Millions of Jobs Shipped Overseas: How to Reverse the Trend

U.S. multinational firms are shedding millions of American jobs while adding millions overseas. According to a recent Wall Street Journal story, newly released data from the U.S. Commerce Department showed that from 2000 to 2009, big firms eliminated 2.9 million jobs in the U.S. while creating 2.4 million jobs in other countries.

These new numbers underscore that the persistently high unemployment rate the U.S. currently faces is not simply the result of the most recent recession. Rather it’s part of a decade-long trend in which there has been zero growth in private sector jobs nationally. Our onerous business tax system, with its 35% income tax rate and its 6.2% employer portion of the payroll tax, makes it clear why this is happening. This system rewards debt – which is deductible – while punitively taxing the engines of economic growth – capital investment, employment, and savings.

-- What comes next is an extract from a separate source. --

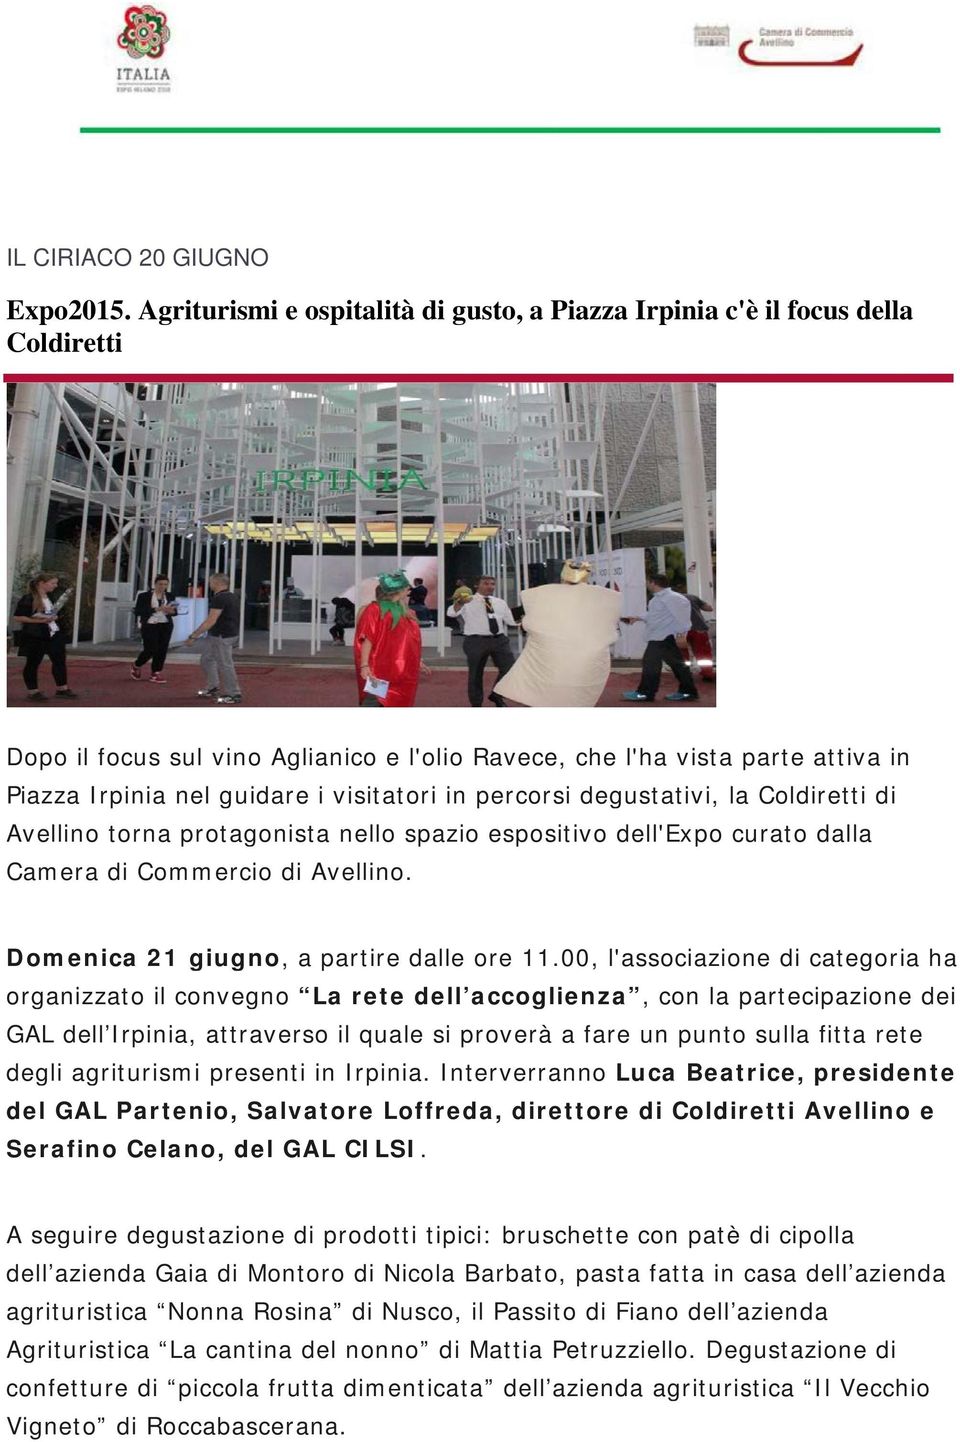 visitatori in percorsi degustativi, la Coldiretti di Avellino torna protagonista nello spazio espositivo dell'expo curato dalla Camera di Commercio di Avellino.

Over the past four decades, every other major trading country in the world has put into place a border-adjusted business consumption tax which places our companies, on average, at an 18% tax disadvantage with our trading competitors. Meanwhile, foreign manufacturers of goods shipped into the United States don’t have to pay our corporate taxes and simultaneously receive a tax credit on their business consumption tax back home. As an example, Germany enjoys an advantage of 19% under this system. That means that a 19% tax is added to the cost of a Cadillac when GM exports it to Germany. And when a Mercedes makes its way to the U.S., not only does the German manufacturer not have to pay a similar tax, it also receives a refund from its own government on the 19% tax it paid for the goods and services that went into building their car. This same scenario gets played out over and over with all our trading competitors with the only difference being that the advantage changes based on each country’s business consumption tax rate. For China it’s a 17% advantage, Mexico’s is 16%, and the U.K.’s is 20%, just to give a few examples.

Eliminating our onerous business tax system and replacing it with an 8% border-adjusted business consumption tax will level the playing field with our trading competitors and will give U.S. multinationals an incentive to create jobs in America.